Problem details -
Your copy should contain exactly the lines from the one that holds "En el municipio" through the end of the material, reproduced as written, with no pictures.

Recorded data -
————————
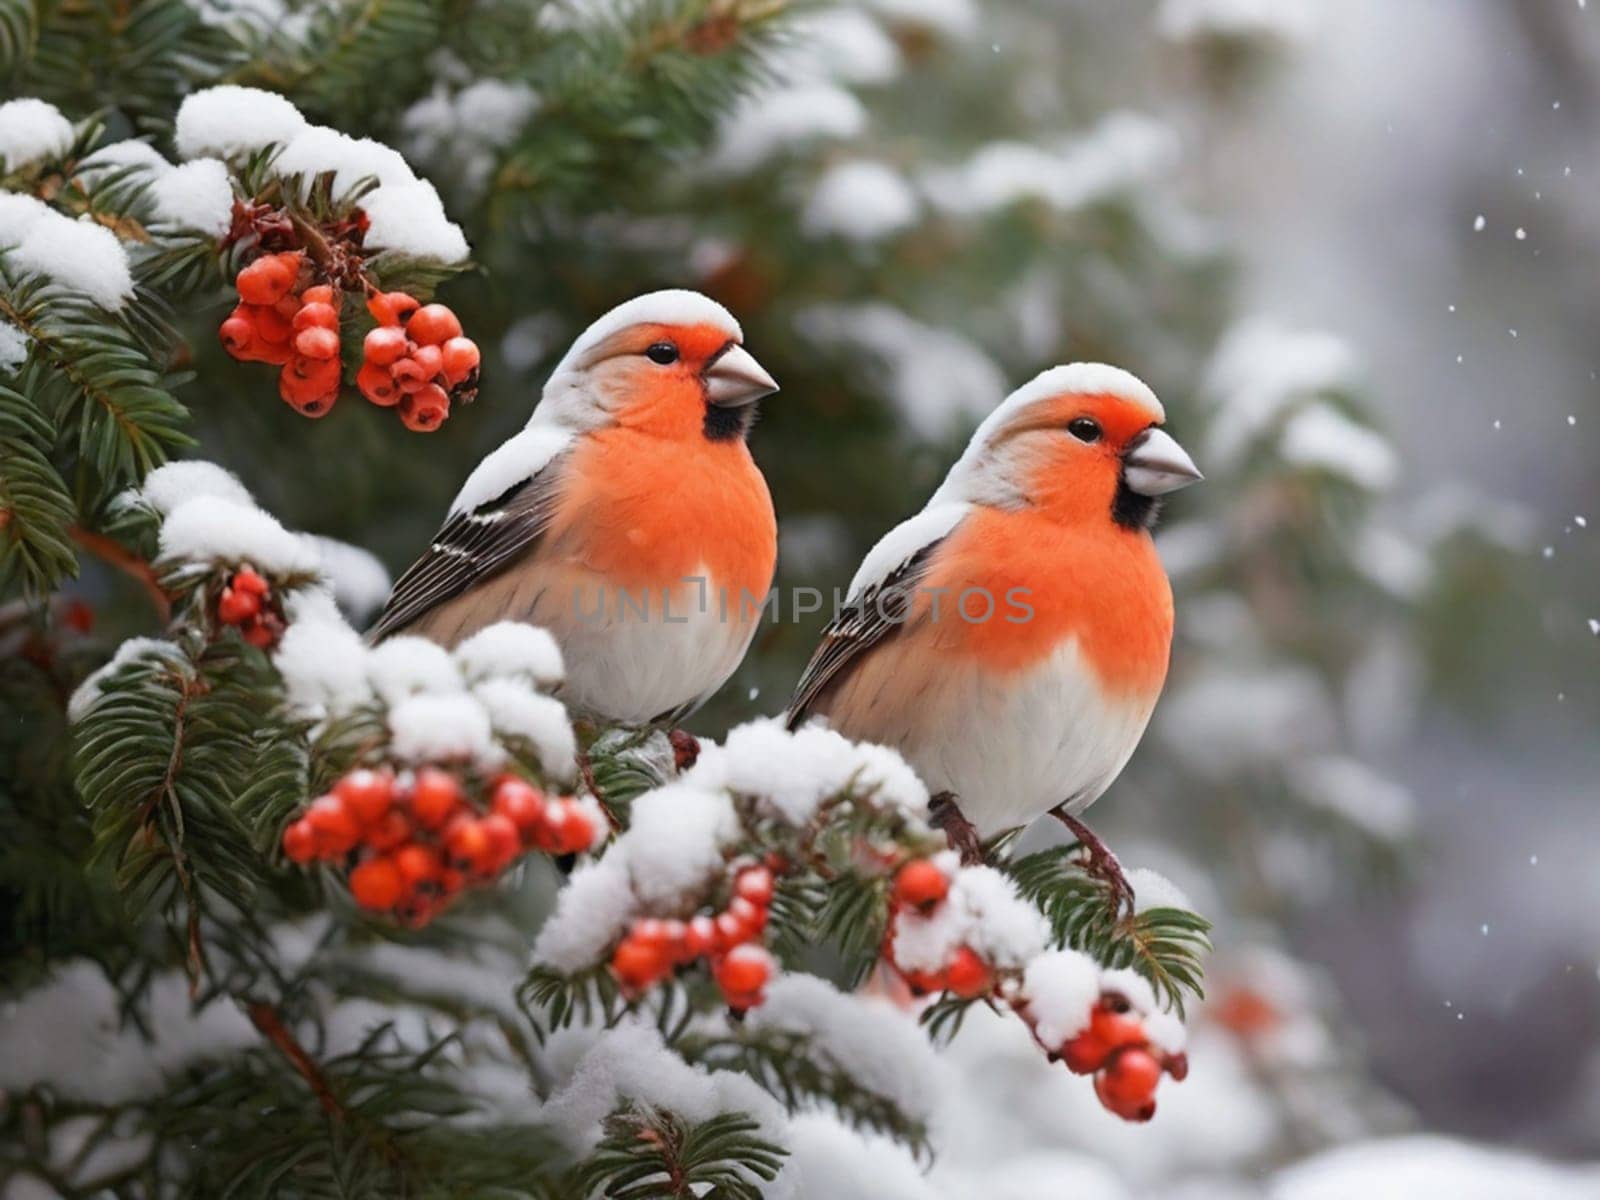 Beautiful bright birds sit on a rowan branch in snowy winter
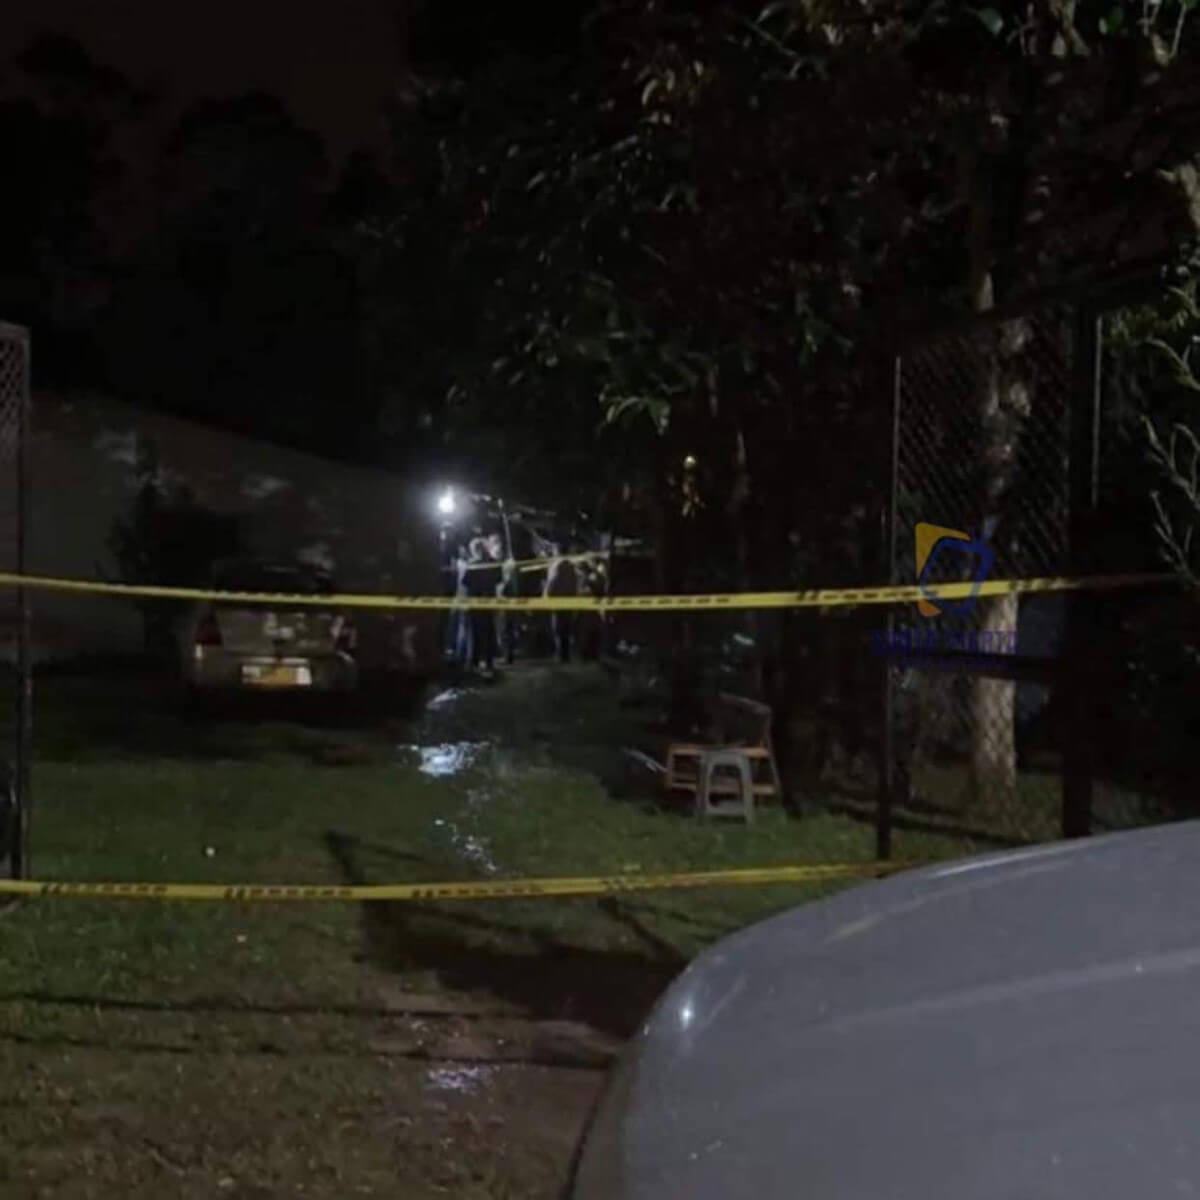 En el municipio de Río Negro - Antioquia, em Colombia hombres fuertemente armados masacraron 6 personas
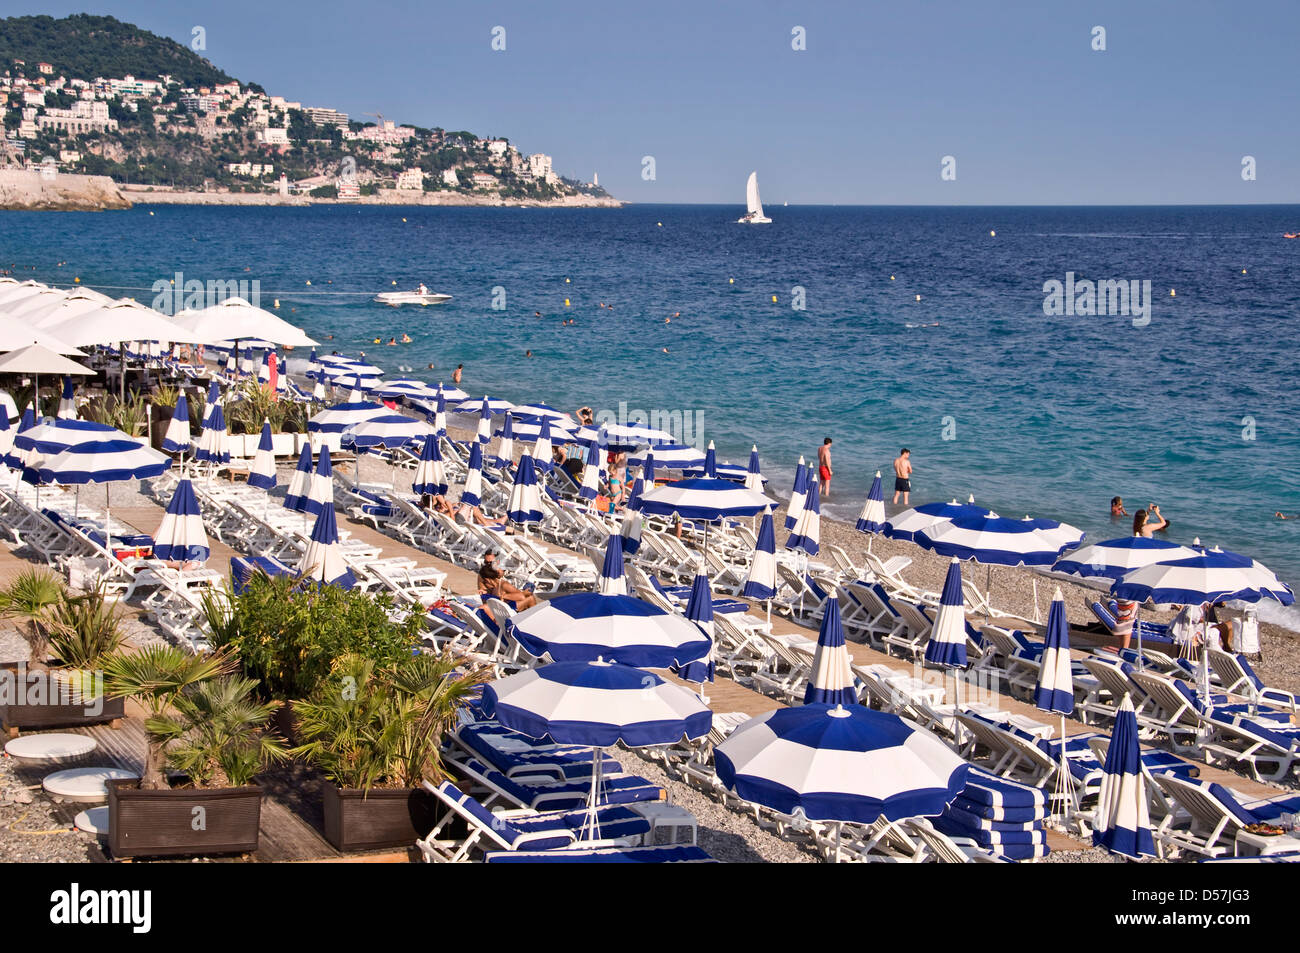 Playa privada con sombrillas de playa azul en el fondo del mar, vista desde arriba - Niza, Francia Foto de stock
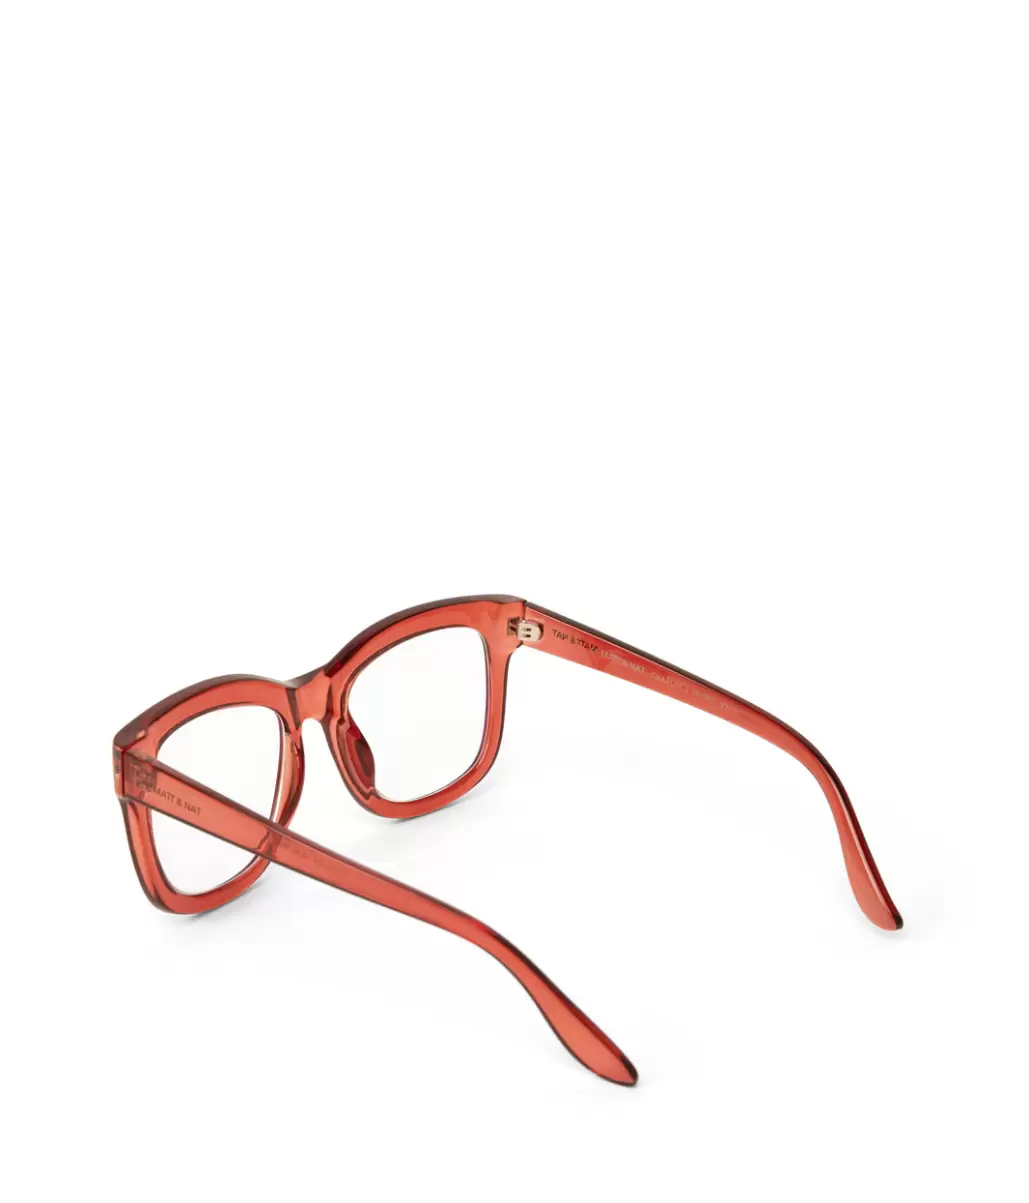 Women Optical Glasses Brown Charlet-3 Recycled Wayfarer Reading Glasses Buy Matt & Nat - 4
————————
Exercise response -
 En el municipio de Río Negro - Antioquia, em Colombia hombres fuertemente armados masacraron 6 personas
 Playa privada con sombrillas de playa azul en el fondo del mar, vista desde arriba - Niza, Francia Foto de stock
 Women Optical Glasses Brown Charlet-3 Recycled Wayfarer Reading Glasses Buy Matt & Nat - 4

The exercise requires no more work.